La analítica prescriptiva es una forma de análisis empresarial que sugiere opciones de decisión sobre cómo aprovechar una oportunidad futura o mitigar un riesgo futuro, y muestra las implicaciones de cada opción de decisión. Permite a una empresa considerar "el mejor curso de acción a tomar" a la luz de la información derivada de la analítica descriptiva y predictiva . [1]

Descripción general

La analítica prescriptiva es la tercera y última fase de la analítica empresarial, que también incluye la analítica descriptiva y predictiva. [2] [3] Conocida como la "última frontera de las capacidades analíticas", [4] la analítica prescriptiva implica la aplicación de las ciencias matemáticas y computacionales y sugiere opciones de decisión sobre cómo aprovechar los resultados de las fases descriptiva y predictiva.

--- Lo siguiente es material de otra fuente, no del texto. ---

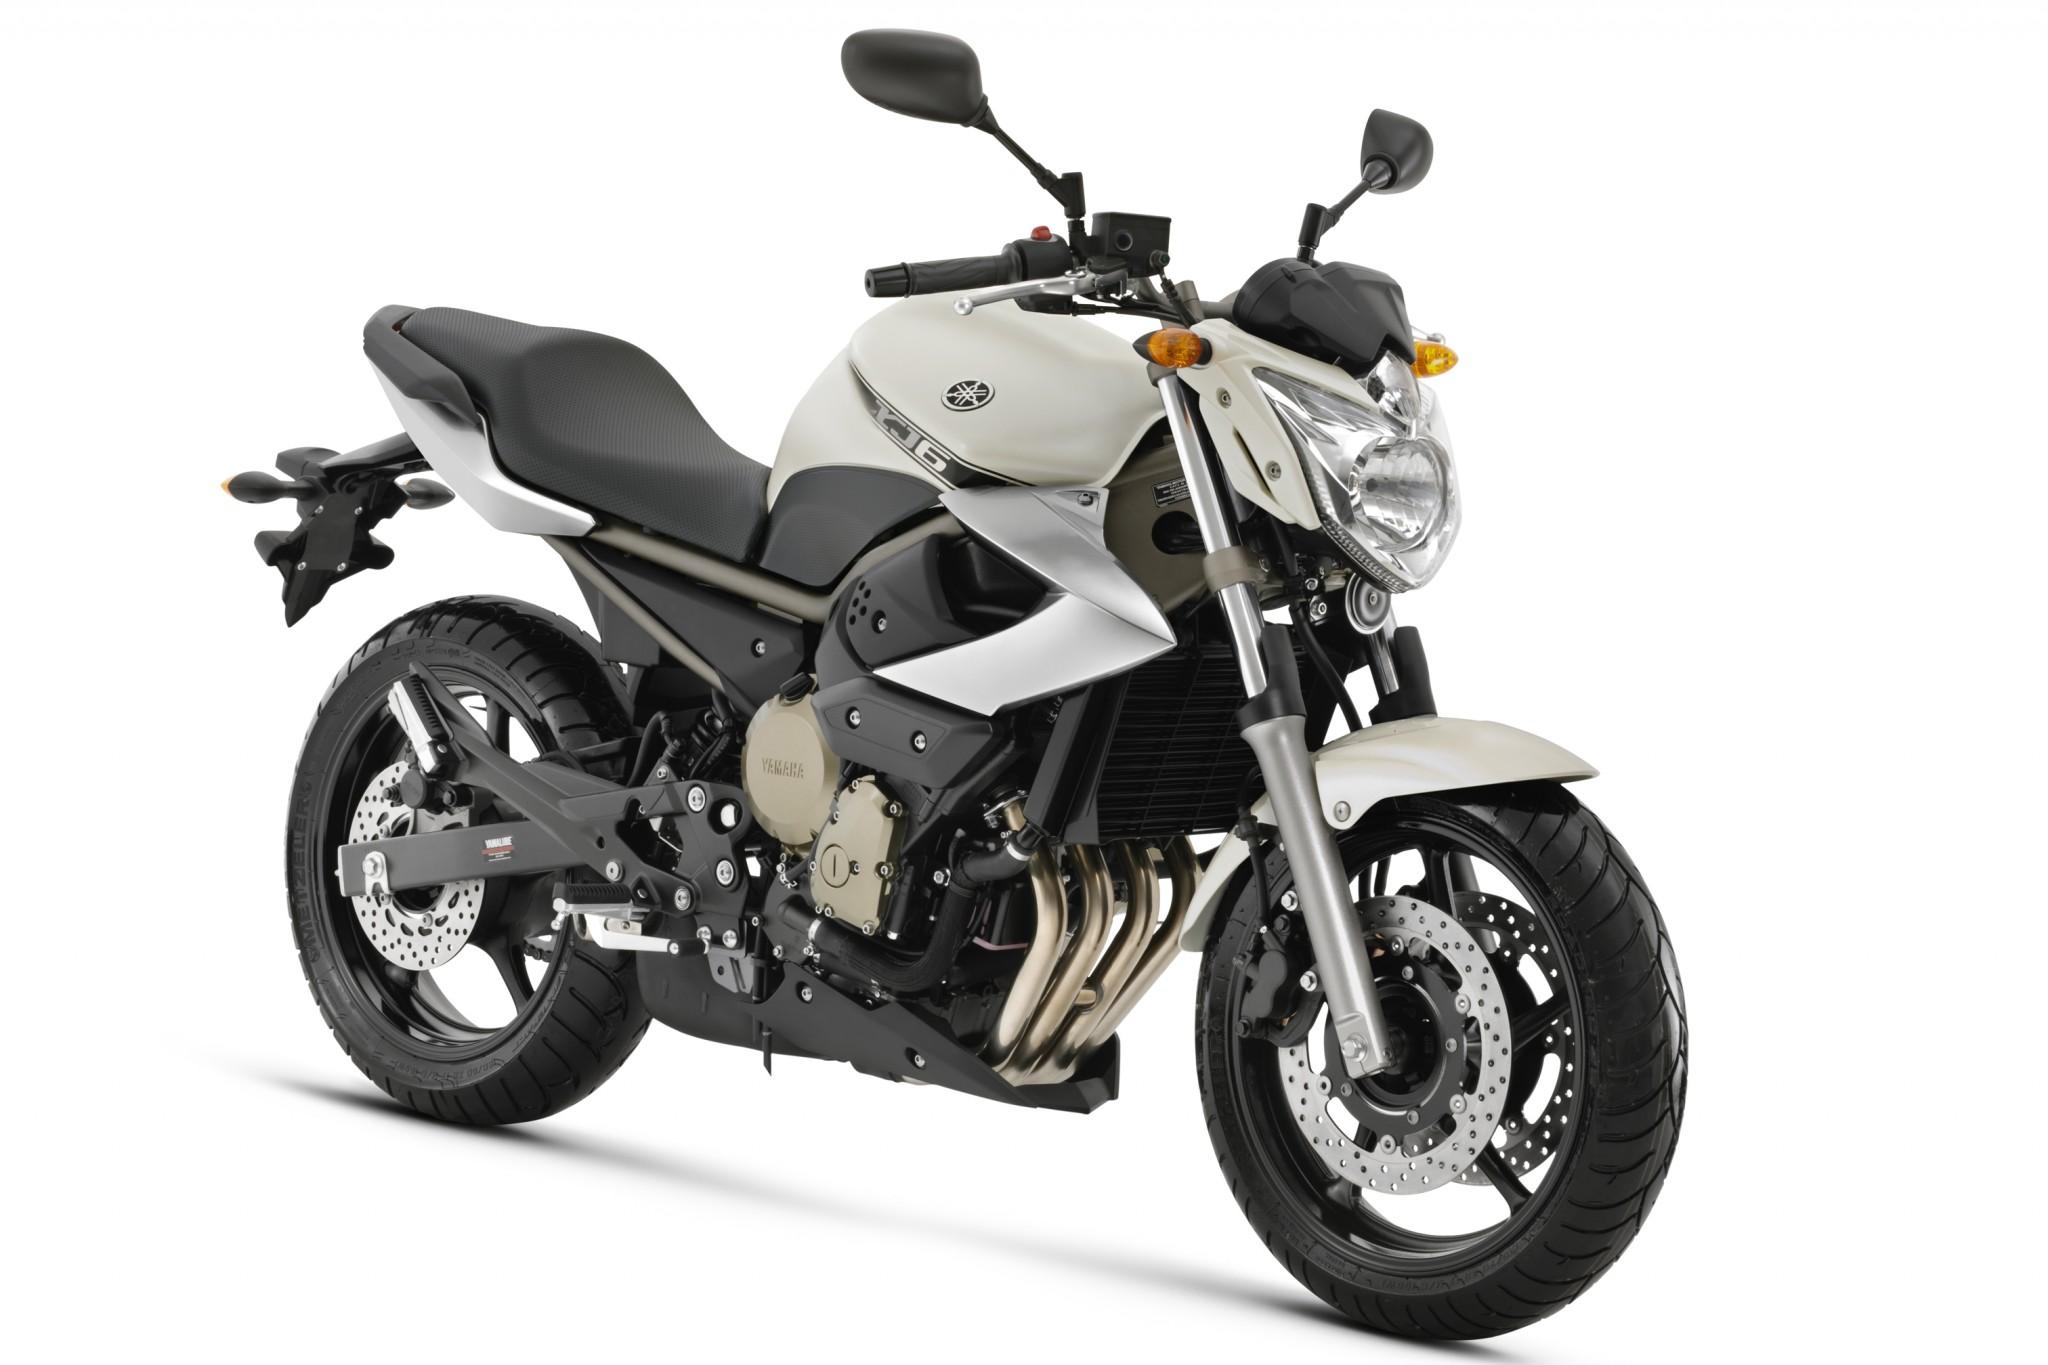 Célèbre Yamaha lança a XJ6 Diversion no Brasil | Motos Blog DK89

La primera etapa del análisis empresarial es el análisis descriptivo, que todavía representa la mayoría de los análisis empresariales actuales. [5] El análisis descriptivo analiza el rendimiento pasado y lo comprende extrayendo datos históricos para buscar las razones detrás del éxito o el fracaso pasados. La mayoría de los informes de gestión, como los de ventas , marketing , operaciones y finanzas , utilizan este tipo de análisis post mortem.

El análisis prescriptivo se extiende más allá del análisis predictivo al especificar tanto las acciones necesarias para lograr los resultados previstos como los efectos interrelacionados de cada decisión.

La siguiente fase es el análisis predictivo. El análisis predictivo responde a la pregunta de qué es probable que suceda. Aquí es donde los datos históricos se combinan con reglas, algoritmos y, ocasionalmente, datos externos para determinar el resultado futuro probable de un evento o la probabilidad de que ocurra una situación.

La fase final es el análisis prescriptivo, [6] que va más allá de predecir resultados futuros, sino que también sugiere acciones para beneficiarse de las predicciones y muestra las implicaciones de cada opción de decisión. [7]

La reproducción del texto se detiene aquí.